======================================================
Demo: Steady Advection-Diffusion-Reaction Equation
======================================================

This demo code demonstrates how to solve a steady Advection-Diffusion-Reaction problem. This demo implementation can 
be found in **demo/demo_steady_adr/demo_steady_adr_1D.py**.

Problem Definition
--------------------

Strong form

.. math::

    u\frac{\partial c}{\partial x} - D\frac{\partial^2 c}{\partial x^2} = R \\

Where the reaction being a constant function:

.. math::

    R=1 \\

The boundary conditions are:

.. math::

    c(0)=1.0 \;,\; c(1)=0.5 \\

The analytical solution of this problem is:

.. math::

    c(x) = 1 - \frac{1}{2}x


Implementation
-----------------

We begin by importing the necessary libraries and creating a mesh.

.. code-block:: python 

    import matplotlib.pyplot as plt
    import numpy as np

    from flatiron_tk import constant
    from flatiron_tk.mesh import LineMesh
    from flatiron_tk.physics import SteadyScalarTransport
    from flatiron_tk.solver import NonLinearProblem
    from flatiron_tk.solver import NonLinearSolver

    # Create Mesh
    mesh = LineMesh(0, 1, 1/10)

Next, we define the relevant physics. In this case, it is the ``SteadyScalarTransport`` physics. Then we set the finite element
to ``Continuous Galerkin of degree 1``. Finally, we set the function space of the problem based on the finite element. Here, we also 
set the output writer to write the solution to an XDMF file.

.. code-block:: python 

    # Define Problem 
    stp = SteadyScalarTransport(mesh, tag='c')
    stp.set_writer('output', 'xdmf')
    stp.set_element('CG', 1)
    stp.build_function_space()

Next we set the weak formulation of the ADR equations. We do this by setting the advection/diffusion/reaction terms
and finally calling ``set_weak_form()`` to complete setting the basic weak formulation.

.. code-block:: python 

    # Set parameters
    stp.set_advection_velocity(0.0)
    stp.set_diffusivity(1.0)
    stp.set_reaction(0.0)

    # Set weak form and stabilization
    stp.set_weak_form()
    stp.add_stab() 

For a higher Peclet number problem, Galerkin finite element formulation is known to be unstable. 
Here, we provide SUPG stabilizationused for high Peclet number problems. Simply call ``add_stab()`` to add 
the stabilization to the weak formulation. The input ``su`` refer to the type of SUPG stabilization constant. 
See :doc:`/_modules/physics_modules/module_scalar_transport` for different choices of stabilization constants.

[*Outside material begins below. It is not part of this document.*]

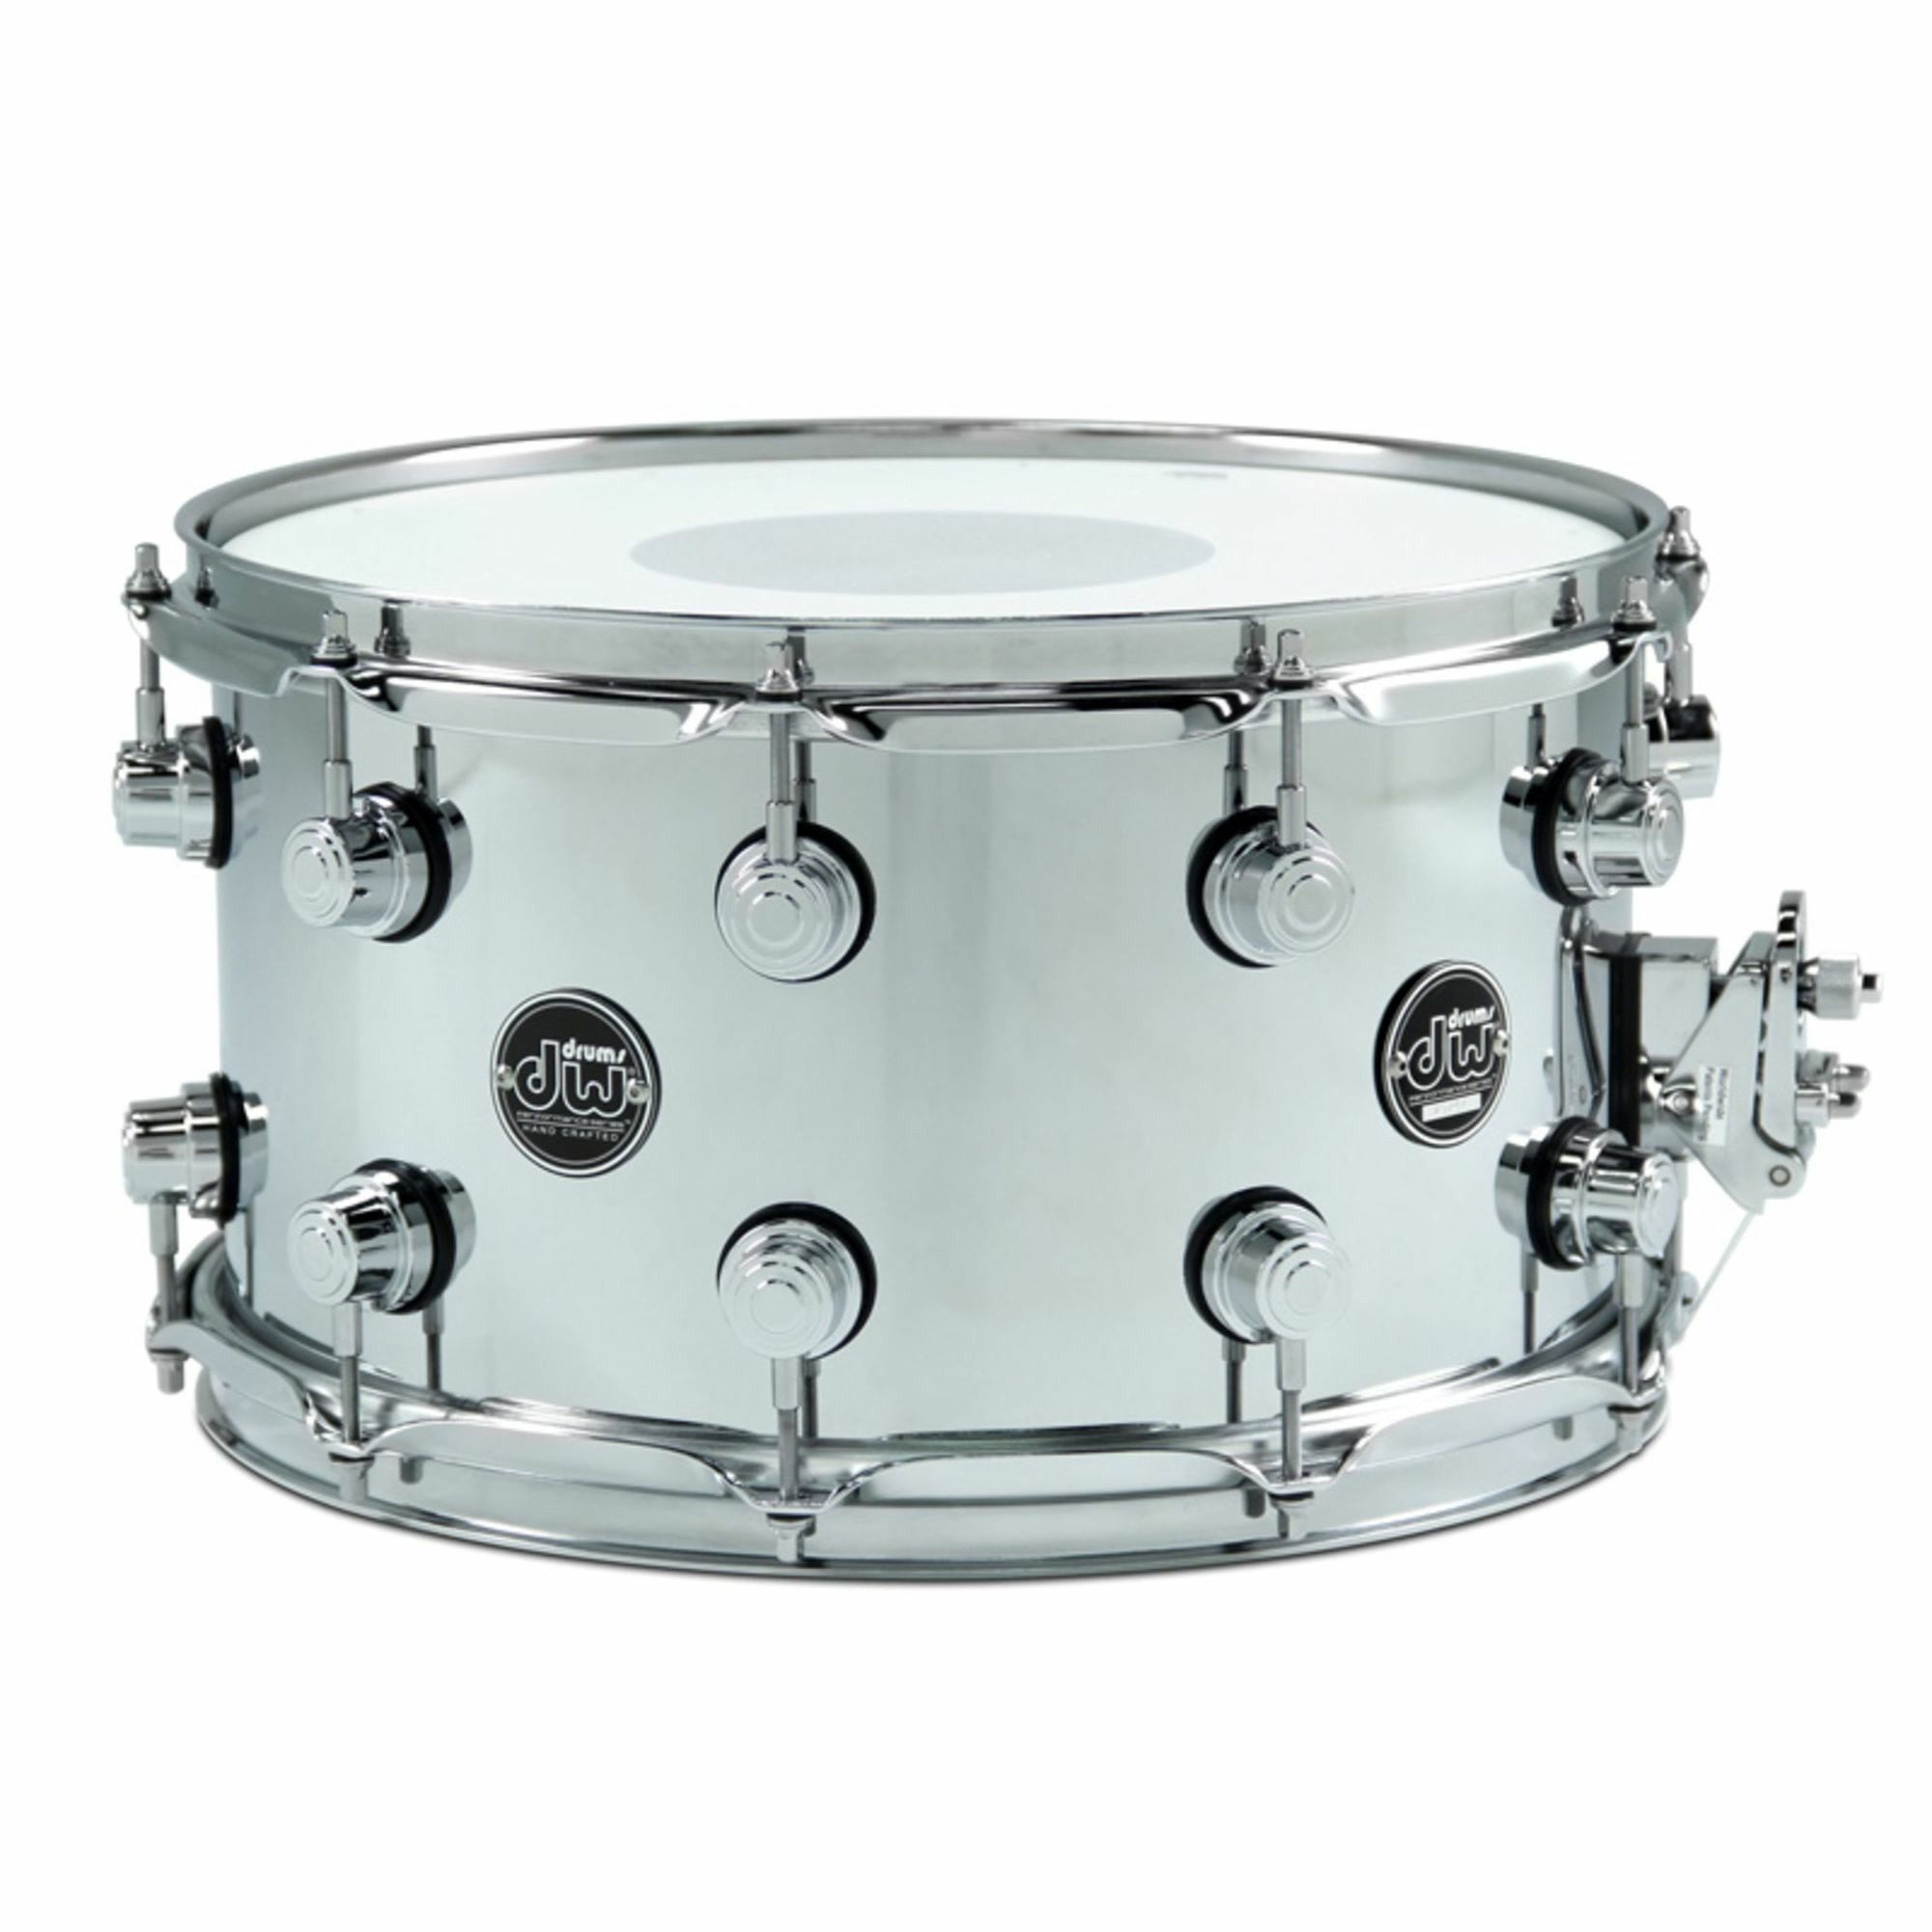 Малый барабан DW Snare Drum Performance Steel 14х8см
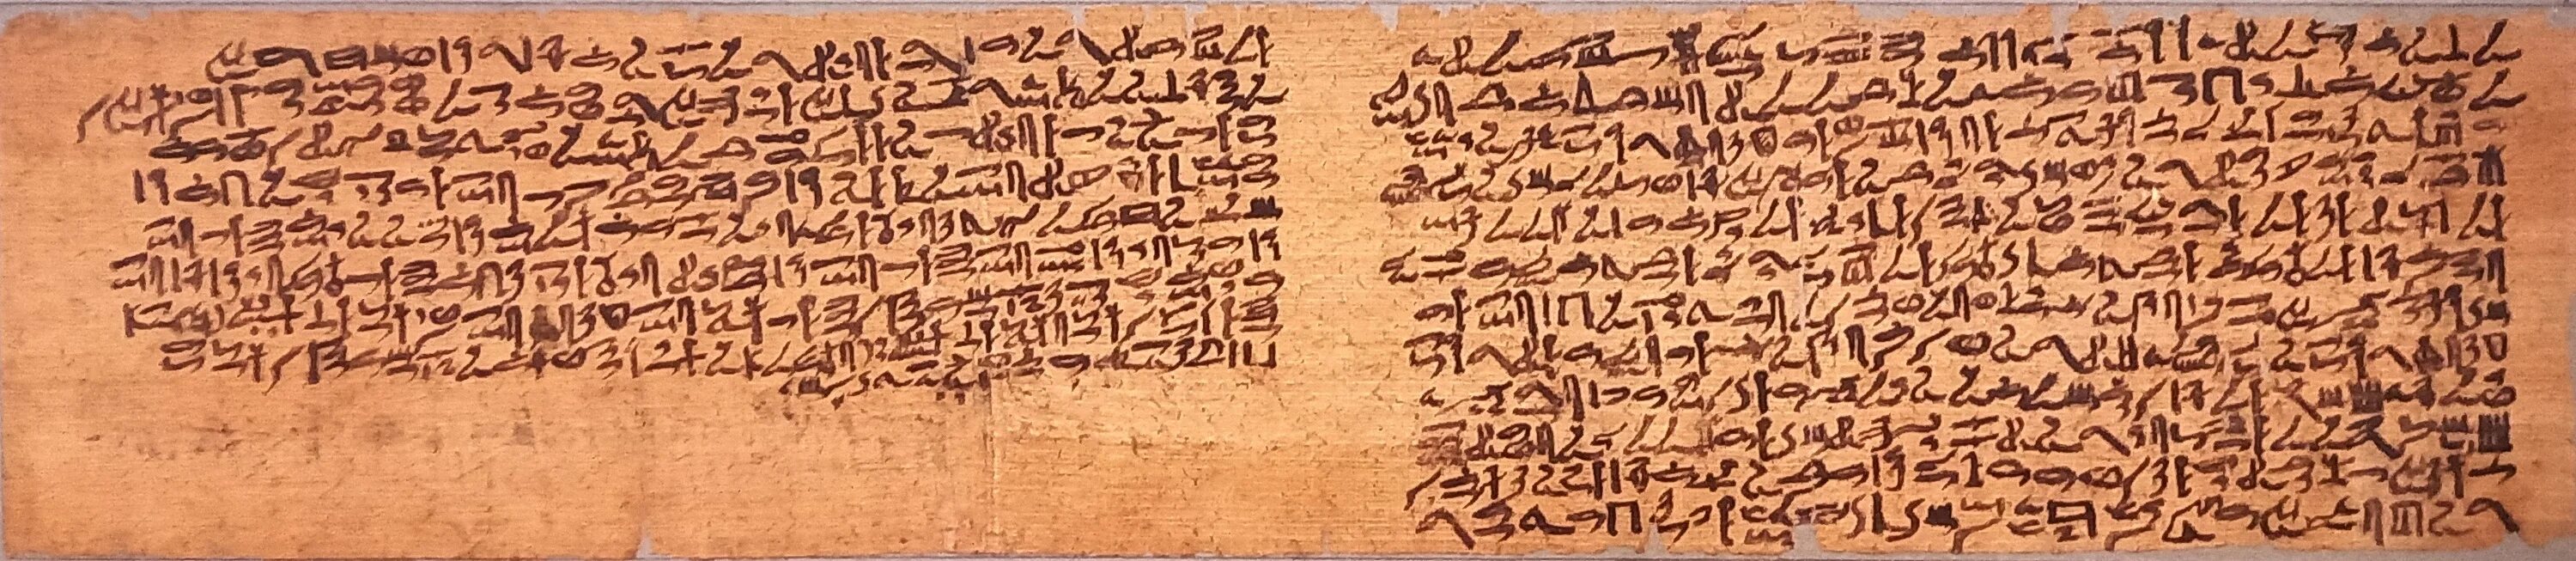 Папирус Присса самая древняя книга. Папирус Присса 3350 год до н э. Папирус Присса самая древняя. Письмена на папирусе. Древние тексты 8

Next, we define the boundary conditions. We take in a dictionary with the key being the boundary id, and the value
being a dictionary indicating the type and value of the boundary conditions. The types can be either ``dirichlet`` or ``neumann``. The `constant`
function is a helper function that wraps the dolfinx constant object. 

.. code-block:: python 

    # Define Boundary Conditions
    left_bc = constant(mesh, 1.0)
    right_bc = constant(mesh, 0.5)

    bc_dict = {
        1: {'type': 'dirichlet', 'value': left_bc},
        2: {'type': 'neumann', 'value': right_bc}
    }

    stp.set_bcs(bc_dict)

Next, we set up the physics solver and solve the problem.

.. code-block:: python 

    # Define and Solve Problem
    problem = NonLinearProblem(stp)
    solver = NonLinearSolver(mesh.msh.comm, problem)

    solver.solve()
    stp.write()

Finally, we plot the solution:

.. code-block:: python 

    # Extract solution for plotting
    x = stp.mesh.msh.geometry.x[:, 0]  # Assuming 1D mesh, extract x-coordinates
    u = stp.solution.x.array           # Solution values as a NumPy array

    # Sort points for plotting (since mesh nodes may be unordered)
    sorted_indices = np.argsort(x)
    x_sorted = x[sorted_indices]
    u_sorted = u[sorted_indices]

    # Plot
    plt.plot(x_sorted, u_sorted, marker='o', label="Solution")
    plt.xlabel("x")
    plt.ylabel("u(x)")
    plt.title("flatiron_tk 1D Steady Scalar Transport Solution")
    plt.grid(True)
    plt.legend()
    plt.tight_layout()
    plt.savefig("steady_scalar_transport_solution.png", dpi=300)
    plt.show()

Full Script
----------------

.. code-block:: python 

    import matplotlib.pyplot as plt
    import numpy as np

    from flatiron_tk import constant
    from flatiron_tk.mesh import LineMesh
    from flatiron_tk.physics import SteadyScalarTransport
    from flatiron_tk.solver import NonLinearProblem
    from flatiron_tk.solver import NonLinearSolver

    # Create Mesh
    mesh = LineMesh(0, 1, 1/10)

    # Define Problem 
    stp = SteadyScalarTransport(mesh, tag='c')
    stp.set_writer('output', 'xdmf')
    stp.set_element('CG', 1)
    stp.build_function_space()

    # Set parameters
    stp.set_advection_velocity(0.0)
    stp.set_diffusivity(1.0)
    stp.set_reaction(0.0)

    # Set weak form and stabilization
    stp.set_weak_form()
    stp.add_stab()  

    # Define Boundary Conditions
    left_bc = constant(mesh, 1.0)
    right_bc = constant(mesh, 0.5)

    bc_dict = {
        1: {'type': 'dirichlet', 'value': left_bc},
        2: {'type': 'neumann', 'value': right_bc}
    }

    stp.set_bcs(bc_dict)

    # Define and Solve Problem
    problem = NonLinearProblem(stp)
    solver = NonLinearSolver(mesh.msh.comm, problem)

    solver.solve()
    stp.write()

    # Extract solution for plotting
    x = stp.mesh.msh.geometry.x[:, 0]  # Assuming 1D mesh, extract x-coordinates
    u = stp.solution.x.array           # Solution values as a NumPy array

    # Sort points for plotting (since mesh nodes may be unordered)
    sorted_indices = np.argsort(x)
    x_sorted = x[sorted_indices]
    u_sorted = u[sorted_indices]

    # Plot
    plt.plot(x_sorted, u_sorted, marker='o', label="Solution")
    plt.xlabel("x")
    plt.ylabel("u(x)")
    plt.title("flatiron_tk 1D Steady Scalar Transport Solution")
    plt.grid(True)
    plt.legend()
    plt.tight_layout()
    plt.savefig("steady_scalar_transport_solution.png", dpi=300)
    plt.show()